▶ [Directions for this task] Please retype the data below line for line and leave out every picture.

▶ [Data segment]
—————

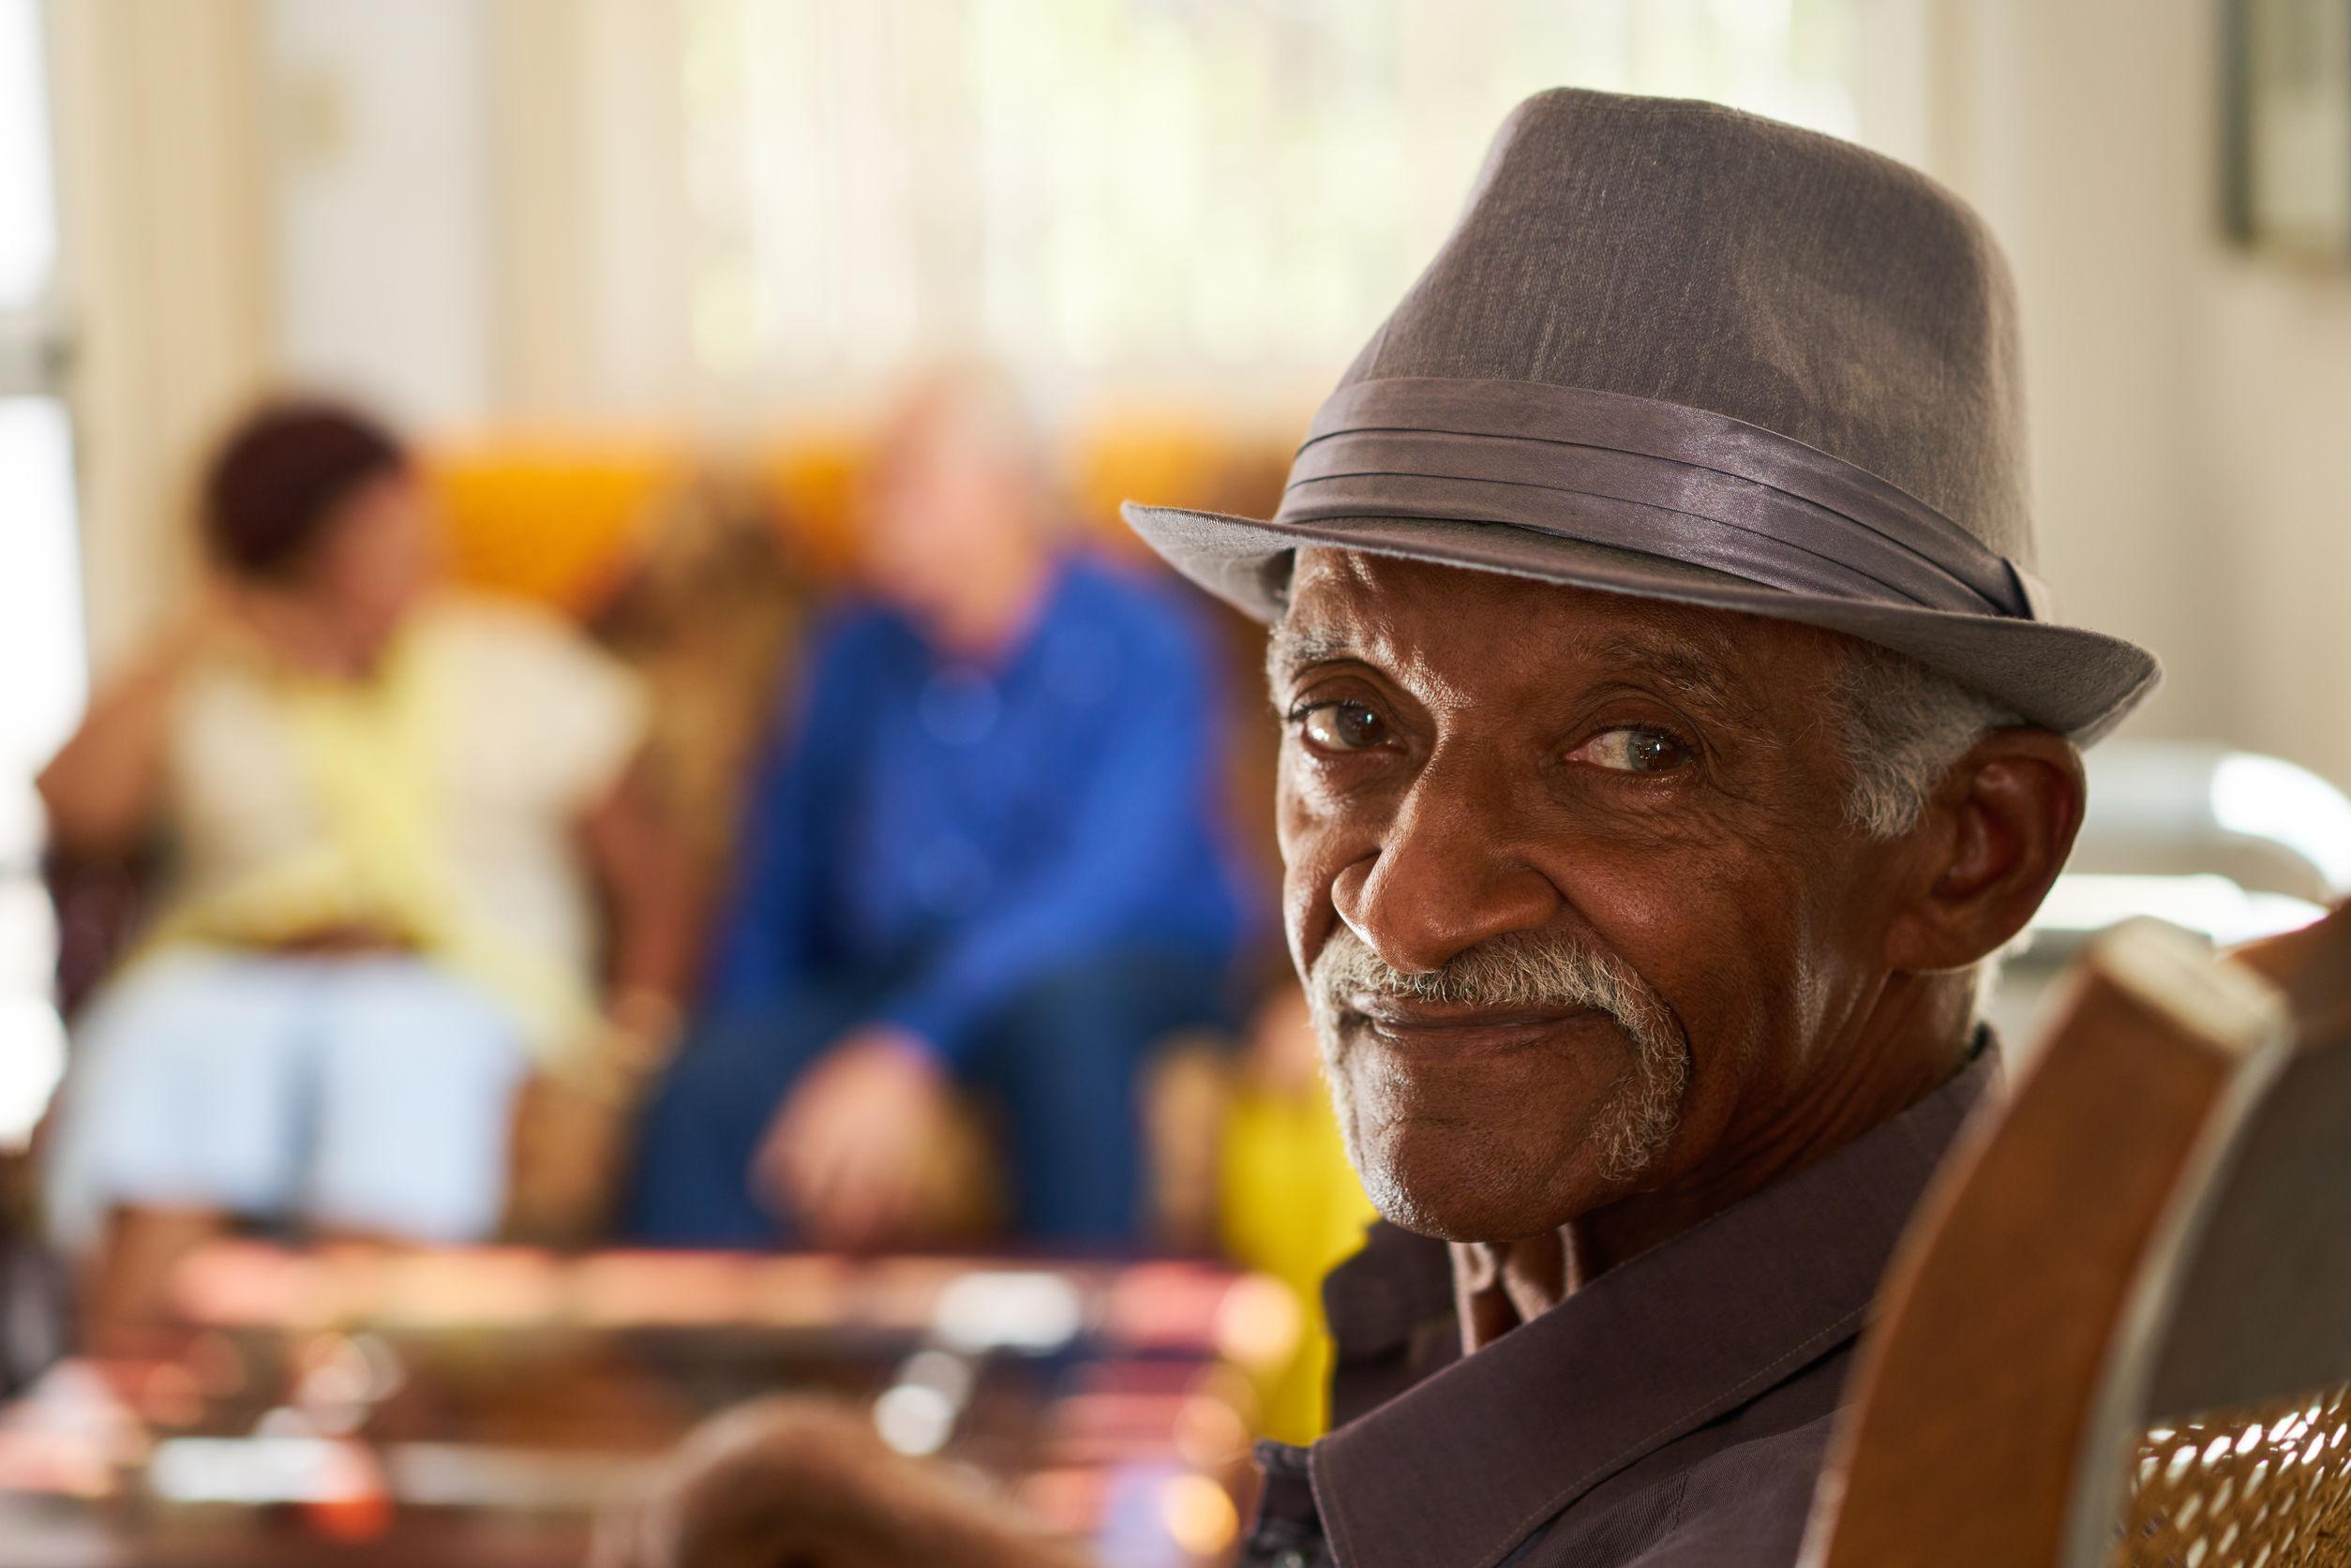 Senior Black Man With Hat Looking At Camera In Nursing Home
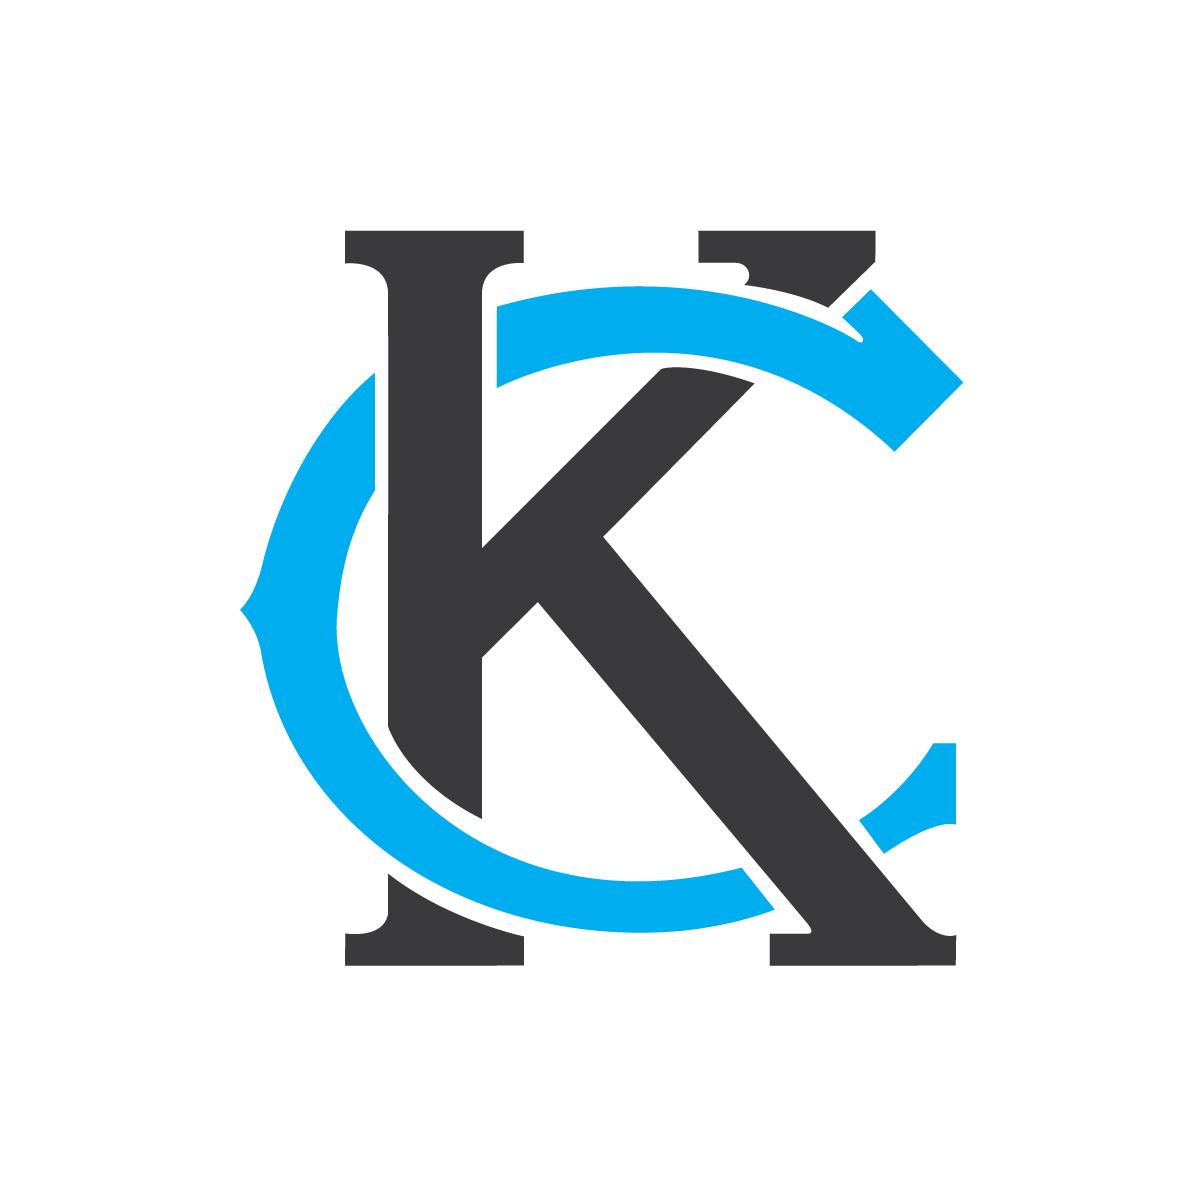 kclogo.png
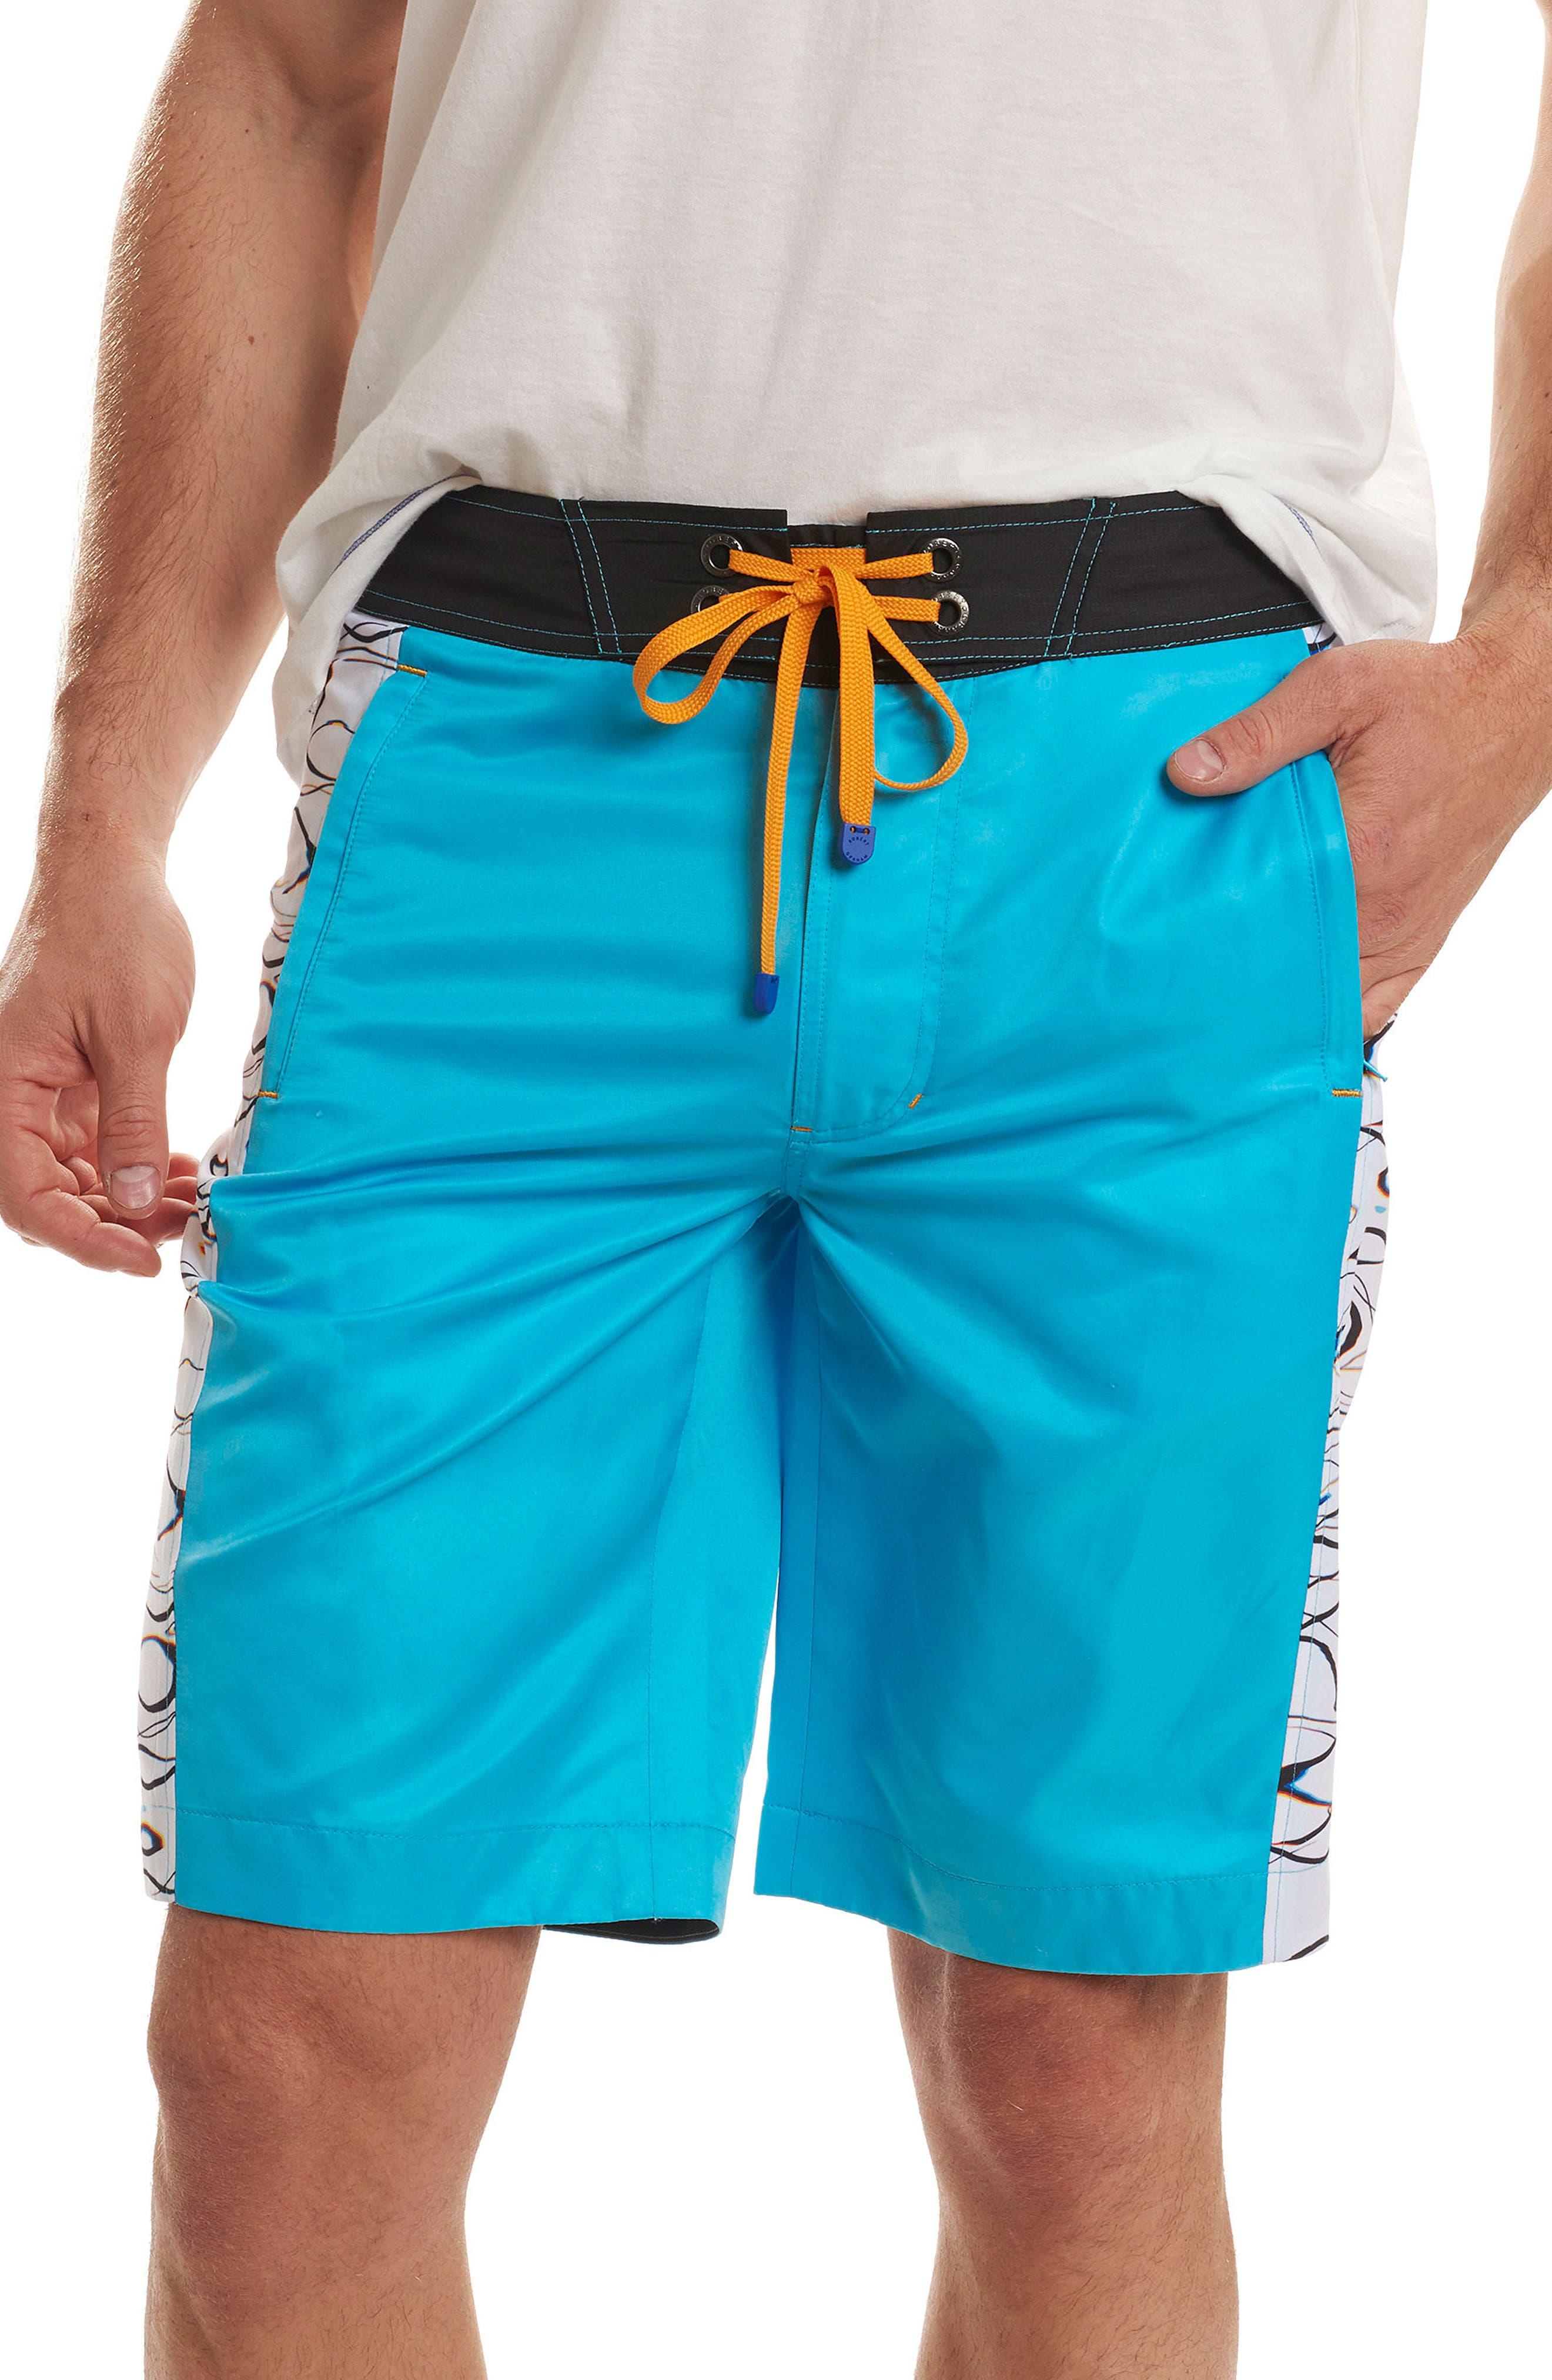 Maili Classic Fit Swim Trunks,                             Main thumbnail 1, color,                             Aqua

—————

▶ [Answer]
 Senior Black Man With Hat Looking At Camera In Nursing Home
 kclogo.png
 Maili Classic Fit Swim Trunks,                             Main thumbnail 1, color,                             Aqua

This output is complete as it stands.